Maine Med Docs Study Naked Female Anatomy


I hold the medical profession in the highest esteem, by which I mean I avoid it at all costs, lest I be subjected to an involuntary colonoscopy. I have long believed that the only proper bodily portal for incoming objects is the aptly named pie hole, and the objects in question should be of an edible nature, preferably composed of sugar and/or fat.

This is not to say I don’t have the utmost respect for doctors, who can only achieve the level of knowledge and experience needed to handle my infrequent requests for assistance (“I don’t want it cut off! I want a pill to make it all better!”) through years of study and practice. For that reason, I’m convinced there’s more than meets the eye to recent news reports that resident physicians at Maine Medical Center in Portland have engaged in a “tradition” during trips to an annual conference of visiting a strip club and taking part in lap dances. 

Receiving them, I mean, not giving them.

If this were a bunch of lawyers or insurance brokers or even journalists, I’d have an entirely different opinion about their motives for watching women pole dance and then squirm around on their crotches. Since such activities could have no relation to their occupations (unless the journalists were working undercover on a Sunday feature story about what it’s like to be the passive recipient of a lap dance), I would be forced to conclude that such behavior is unworthy of their professions and ineligible for a deduction on their income taxes.

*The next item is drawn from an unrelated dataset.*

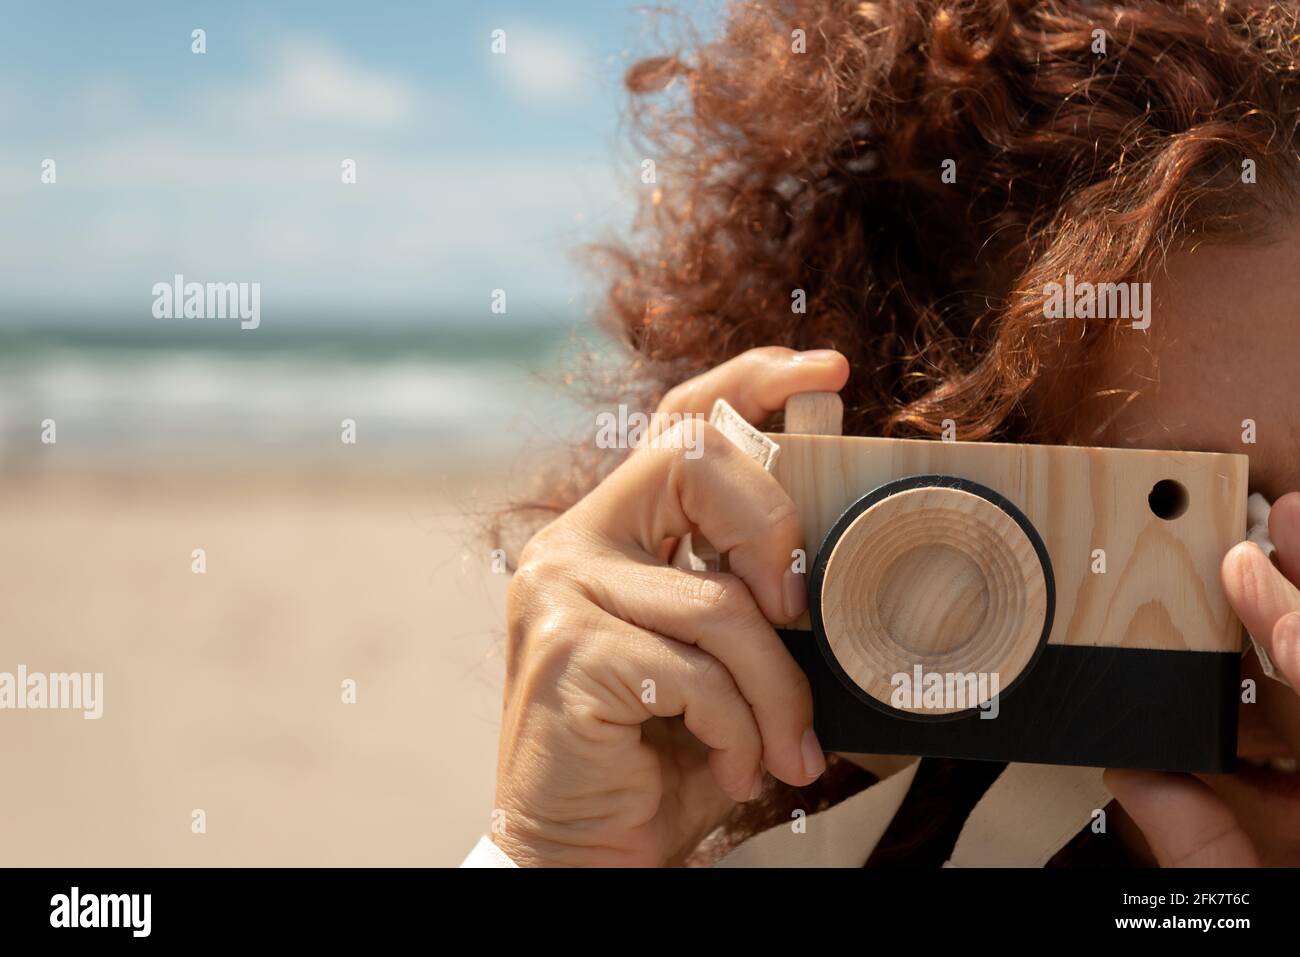 Nahaufnahme eines Porträts einer jungen Frau mit lockigen roten Haaren, die eine Fotokamera mit Holzspielzeug vor dem Hintergrund eines Sandstrandes hält. Witziges Fotografiekonzept Stockfoto

But when it comes to physicians, it’s a different matter. After all, doctors get to see naked people all the time. They probably even get to see strippers in their examining rooms with all their clothes off. And they don’t even have to slip dollar bills into their garters. In fact, the strippers have to pay the docs to cure whatever occupational ailment is interfering with their ability to bump and grind.

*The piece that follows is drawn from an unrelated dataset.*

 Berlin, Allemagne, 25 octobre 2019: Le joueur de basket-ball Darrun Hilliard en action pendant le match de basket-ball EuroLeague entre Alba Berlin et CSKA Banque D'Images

Given that situation, there are only two reasons that licensed medical professionals would waste their time at nude-dancing emporiums. Either they’re thanking the dancers for their patronage by sending a little business their way, or they’re engaged in important research into the major health issues affecting people who can’t just cover up their beer bellies with looser clothes.

I assume in the case of Maine Med’s residents, it’s the latter. Even in the throes of lap-dance-induced ecstasy, I figure the closed-circuit video from the strip club will show the docs in question, taking notes and snapping photos that will later prove to be of immeasurable worth in the ongoing fight to wipe out Cooper’s droop

Also, there are silicone implants to be examined, collagen injections to be tested, Botox-smoothed skin to be caressed, as well as all the nips and tucks of plastic surgery to be given their fifty-thousand-dance inspections. Given the numerous opportunities for professional observation and intervention in these important fields, it’s a wonder topless bars don’t qualify for tax exemptions as medical research facilities.

So, don’t let the recent negative publicity over this innocent incident get you down, men of Maine Med (for some curious reason, those involved were all men). Your motives were pure, even if your pants were a little wrinkled.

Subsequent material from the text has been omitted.